What is gastric banding surgery for teens?

Gastric banding is a form of weight-loss (bariatric) surgery. It's used to treat people who have severe obesity and who haven't been able to lose weight through diet and exercise alone. It's most often done in adults. But in some cases it may be a treatment choice for a teen.

A gastric band is a soft, rubbery circle made of silicone. The band is attached to a thin, flexible tube (catheter). The tube is connected to a small, round port. During surgery, the band is put around the stomach, near the top. The port is put under the skin below the rib cage. Saline solution is injected with a needle and syringe through the skin into the port and goes through the tube to fill the band. The fluid makes the band expand and squeeze tighter. A doctor can control the size of the band by adding or removing saline through the port after the surgery.

When saline is added, the band tightens around the top of the stomach. This creates a small pouch where food goes during a meal. The food then slowly moves down into the rest of the stomach and is digested over time. The pouch is smaller than a whole stomach. So it makes a person full more quickly. It limits the amount of food they can eat.

After surgery, the band will need to be adjusted. This means regular follow-up visits to a doctor and the injection or removal of saline using the port that was put under the skin. At some point years after surgery, some bands will need to be replaced. This is done with another surgery.

Why might your teen need gastric banding surgery?

Gastric bands aren't yet approved by the FDA for use on people younger than age 18. The surgery can still be done. But gastric bands have declined in use in both adults and youth because of negative long-term effects as well as high complication rates.

Some studies suggest that weight-loss surgery may improve the health of teens who have obesity. A teen may be able to bypass health problems linked to obesity. These include type 2 diabetes, sleep apnea, high blood pressure, and heart disease. The surgery may also help with social problems, such as being bullied.

Due to concerns about long-term effects and complications, a doctor will recommend the surgery only in special cases. A doctor may advise surgery for a teen who has a body mass index (BMI) of 40 or higher. Or surgery may be advised for a teen with a BMI of 35 to 40 or higher and other health problems, such as type 2 diabetes or sleep apnea. Surgery is considered if a teen has tried other ways to lose weight and has had no success.

Deciding whether your teen should have gastric banding surgery is complicated. Roux-en-Y gastric bypass or vertical sleeve gastrectomy may be more appropriate for adolescents. These two surgeries are recommended in the latest pediatric obesity guidelines for adolescents 13 years and older who have severe obesity. Work with your child's doctors, talk with your teen, and spend time learning about the surgery and life after this surgery.
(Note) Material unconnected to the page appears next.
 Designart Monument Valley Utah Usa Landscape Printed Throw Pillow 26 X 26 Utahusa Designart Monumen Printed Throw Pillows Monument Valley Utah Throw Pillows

Together you can all figure out if surgery is the right choice for your teen.

What are the risks of gastric banding surgery for a teen?
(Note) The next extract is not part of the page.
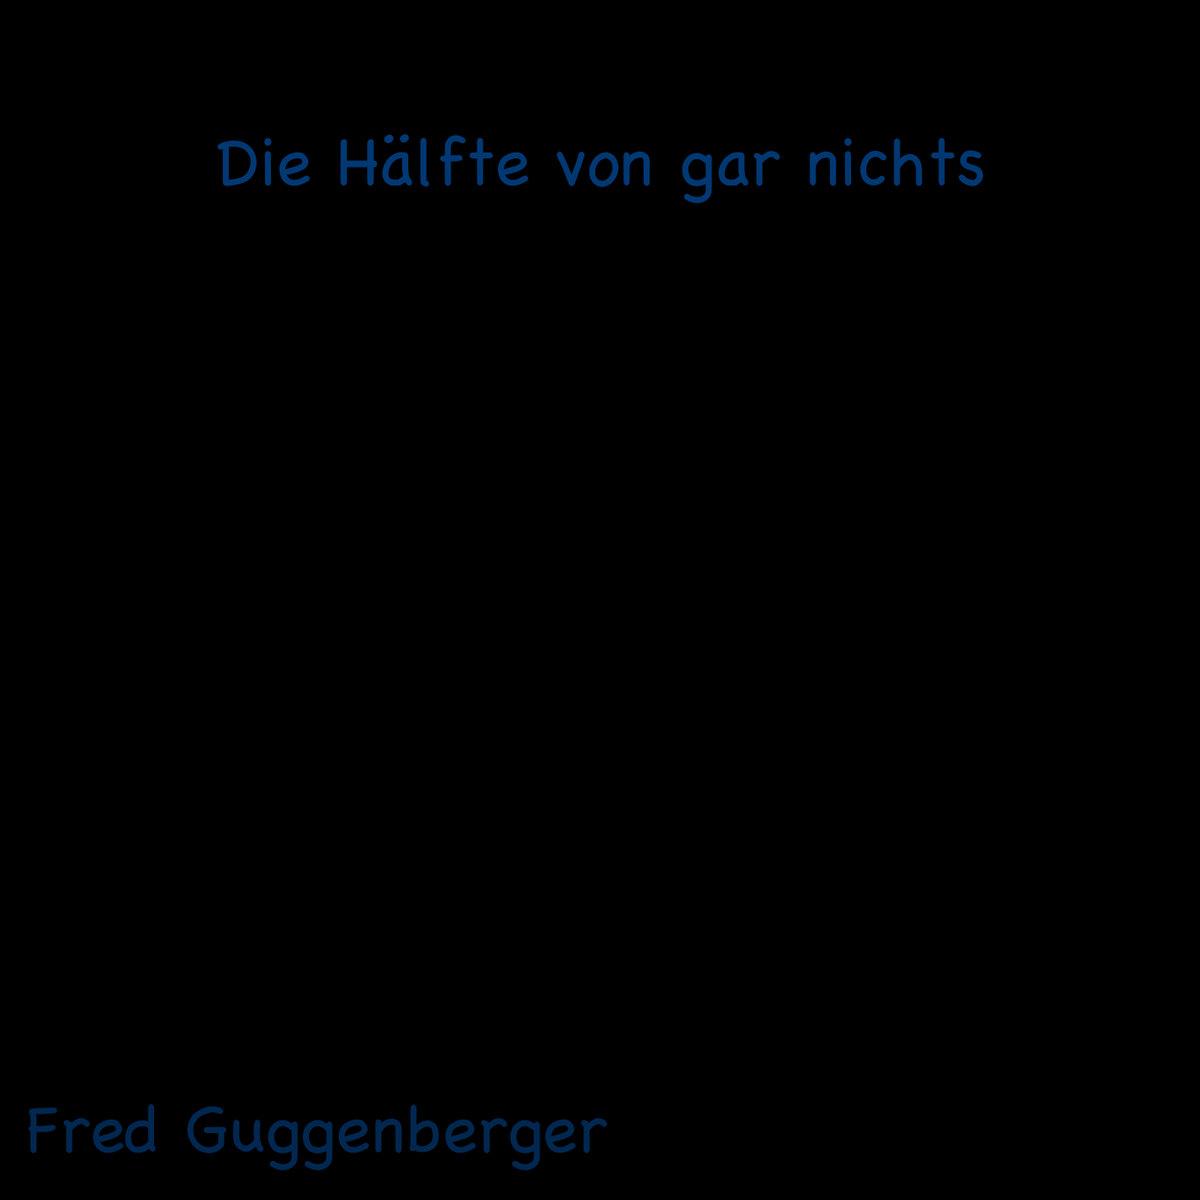 Die Hälfte von gar nichts by Fred Guggenberger

Like all kinds of surgery, weight-loss surgery has risks. The risks of gastric banding include:

  • Infection, including wound infection, pneumonia, abdominal infection, and urinary tract infection.
  • Pain.
  • Too much bleeding. Your teen may need a blood transfusion or more surgery. Too much bleeding can be fatal.
  • Blood clots in the legs that can travel to the lungs.
  • Poor wound healing.
  • Risks of anesthesia, including death.

After surgery, the risks include:

  • Nausea.
  • Vomiting.
  • Trouble swallowing.
  • GERD (gastroesophageal reflux disease) or heartburn.
  • Belly (abdominal) pain.
  • Saline leaking from the gastric band.
  • Stretching of the stomach or esophagus, leading to weight regain.
  • The band eroding into the stomach tissue.
  • The band slipping out of place.
  • The need for more surgery to fix problems.

How do you help your teen get ready for gastric banding surgery?

Before having this surgery, your child should:

  • Have reached physical growth at near-final adult height.
  • Be mentally and emotionally mature.
  • Understand and be ready to commit to lifestyle changes.
  • Have the support of their family.

A teen should not have the surgery if they:

  • Lack interest in following the diet changes needed after surgery.
  • Have an untreated eating disorder or mental illness.
  • Are pregnant or breastfeeding.

If a teen has Prader-Willi syndrome, a comprehensive discussion with their doctor about the risks and benefits of bariatric surgery would be needed if surgery is being considered.

A gastric banding procedure is a major life change. Your teen will likely be asked to take classes to get ready for life after the surgery. They will learn new ways of eating and drinking, and they will need to commit to those changes to make the surgery a success.

After surgery, the small pouch at the top of the stomach fills up quickly. Your child will only be able to eat small amounts of food. Eating too much can lead to vomiting and other problems. Your teen will also need to take daily vitamin and mineral supplements. These are things that some children may not want to do or may not remember to do.

Talk with your teen about all the changes that the surgery will mean. You can also ask your child's doctor about local weight-loss surgery support groups. These can help your teen meet others who have had the surgery. And before they make a decision, they can ask questions about what the surgery is like. You may also want to contact a dietitian who can work with your child before and after surgery.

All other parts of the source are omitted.